牧太郎の青い空白い雲/869
「小難しいこと」を書くのをお許し願いたい。
政権交代が起きないまま自民党政権が38年続いた政治システムを我々は「1955年体制」と呼んだ。55(昭和30)年当時、世界は米国とソ連の冷戦の真っただ中。自民党は「改憲・保守・安保護持」を標榜(ひょうぼう)。野党は「護憲・革新・反安保」を叫び、何やら「米ソの代理戦争!」という雰囲気だった。
で、今の日本はどうか? 2012年12月26日から7年8カ月続いた安倍政権。そして菅政権、岸田政権......。

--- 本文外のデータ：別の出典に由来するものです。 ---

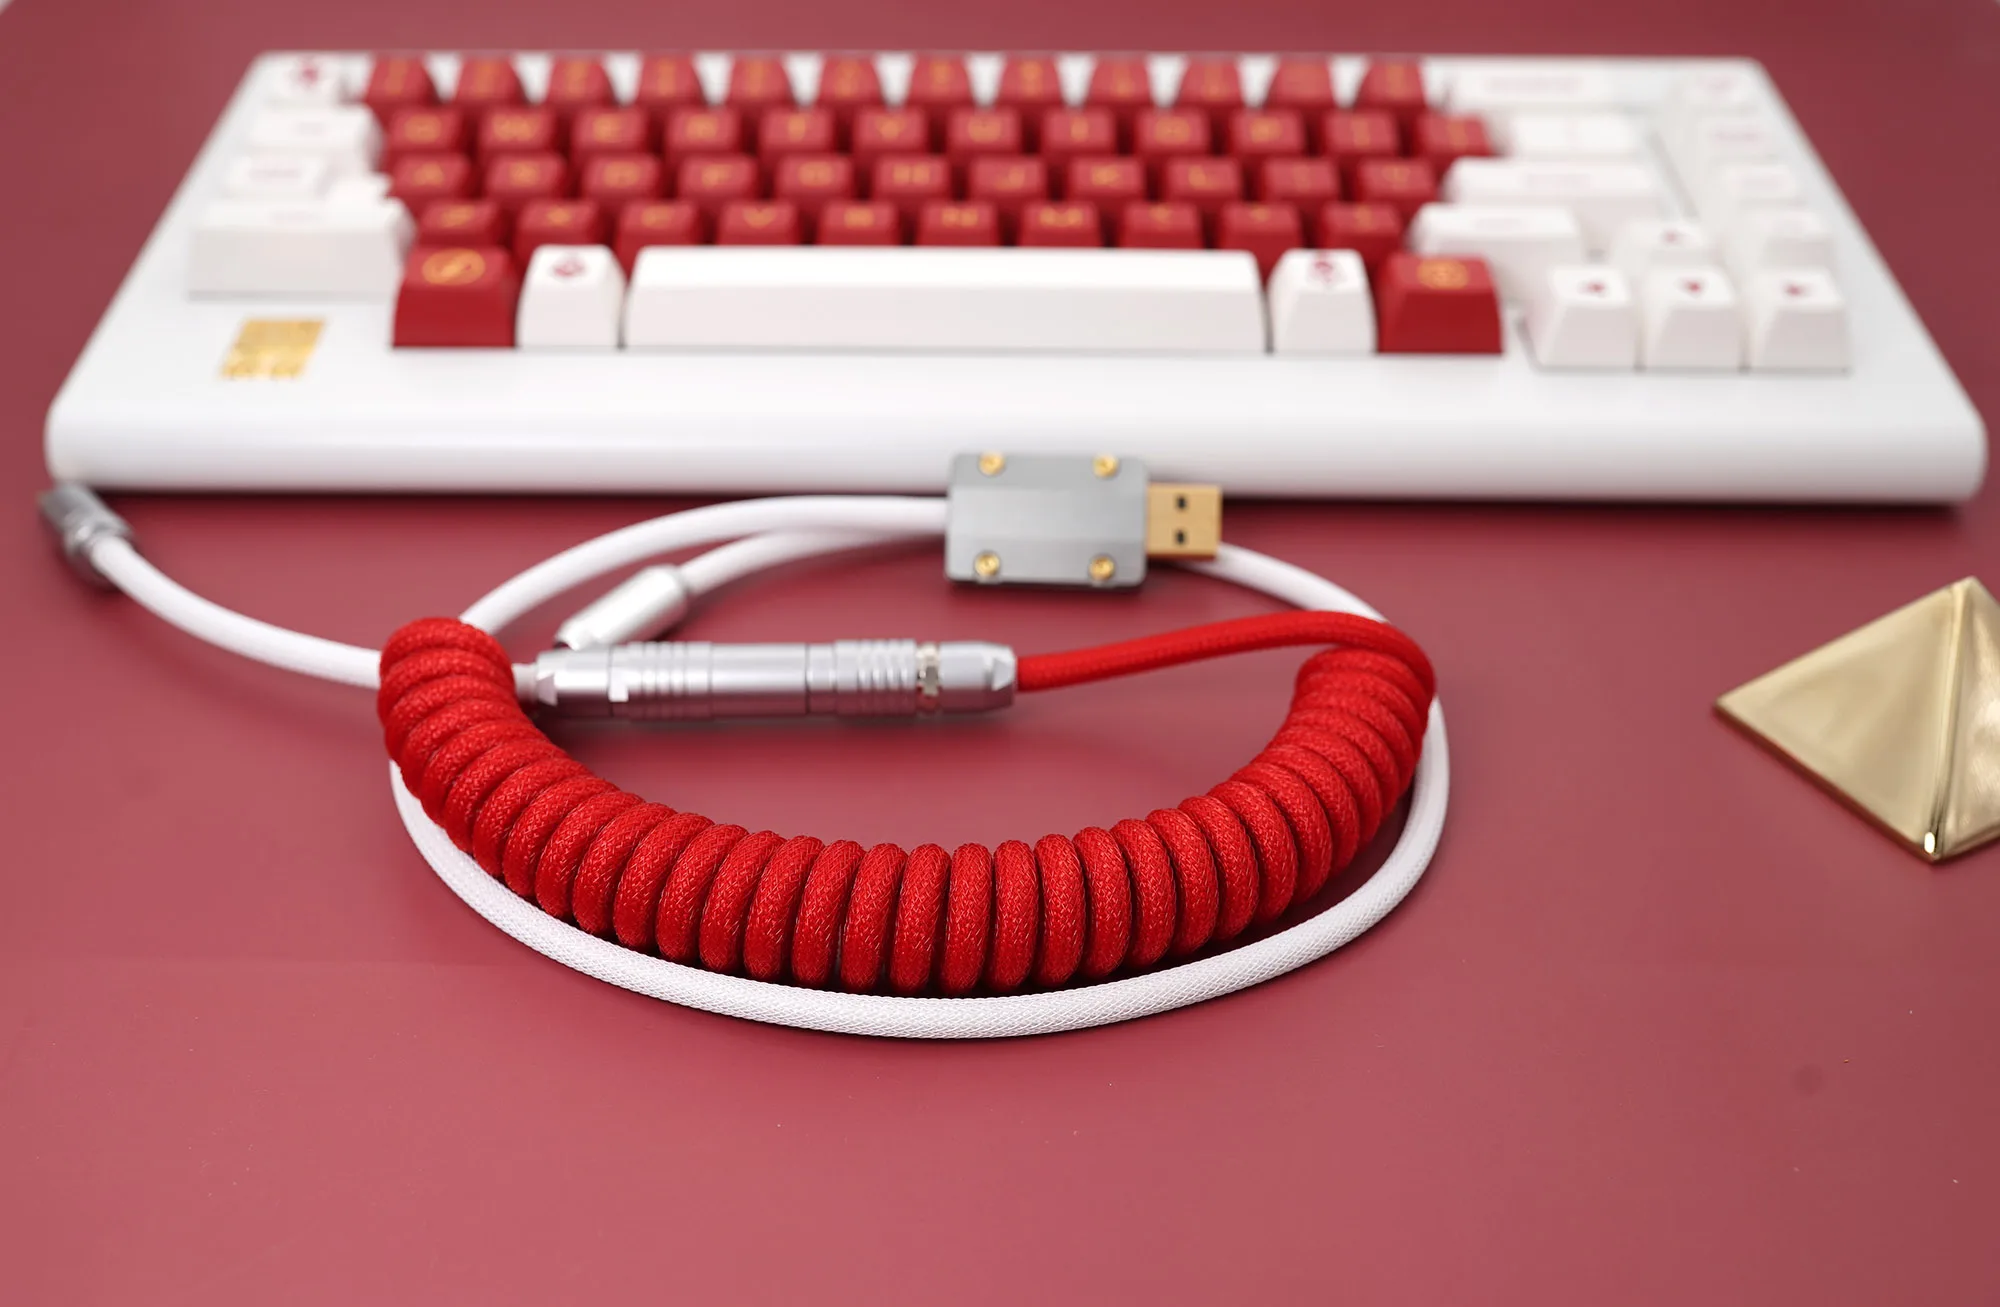 Spot GeekCable manual custom mechanical keyboard data line CA66 theme line red and white

自民1強の政治システムはまさに「2012年体制」だ。
「55年体制」の時には社会党、民社党、共産党(時には公明党)が「自民独裁」にブレーキをかける役割を果たしていたが、「12年体制」の下で野党はバ〜ラバラ、自民党のやりたい放題である。
森友学園問題、加計(かけ)学園問題、桜を見る会問題、検察官定年延長問題、カジノ汚職、河井夫妻による買収事件......。次々にスキャンダルが起き、首相の刑事責任まで追及される事態になっても「時の権力」は法の支配を歪(ゆが)め、説明責任を放棄して「全く問題ない!」で済ましてしまう。「独裁」だ。
メディアの多くはこのところ「権力」を批判するどころか「ちょうちん報道」のオンパレード。(僕から見れば)北朝鮮と同じだ。
「12年体制」は憲法だって平気で無視する。最も腹が立ったのは......。憲法53条に「内閣は、国会の臨時会の召集を決定することができる。いづれかの議院の総議員の四分の一以上の要求があれば、内閣は、その召集を決定しなければならない」とある。ところが17年6月22日、野党が召集要求を提出すると、安倍内閣は9月28日に「召集する」と閣議決定。国会は召集されたが、アッと驚く冒頭解散。国会審議は無くなった。
手品である。
常々、権力から懐柔されているんだろう。メディアは「憲法無視」を指摘することもなく「与野党の政治的駆け引き」として報じた。
最近、「体制」はロシアとウクライナの戦争で「悪いのはプーチン!」の世論操作。確かにプーチンは極悪人だが、「これを機に、防衛費を国内総生産(GDP)比2%以上に!」と叫ぶ自民党の言い分も度を超えている。だというのに、多くのメディアが「軍備の爆買い」を容認する構えだ。
長々と「小難しいこと」を書いたが、読者も薄々「法治主義」が崩壊した「12年体制」の存在に気づいているはず。何も言わないのは「仕方ない」と諦めているからだろう。でも、諦めてしまうのは「奴隷根性」じゃないか?
我々が「奴隷根性」から解放されなければ、「12年体制」はさらに強固になる。過激な言い分だが、参院選は「奴隷解放」の戦いだ!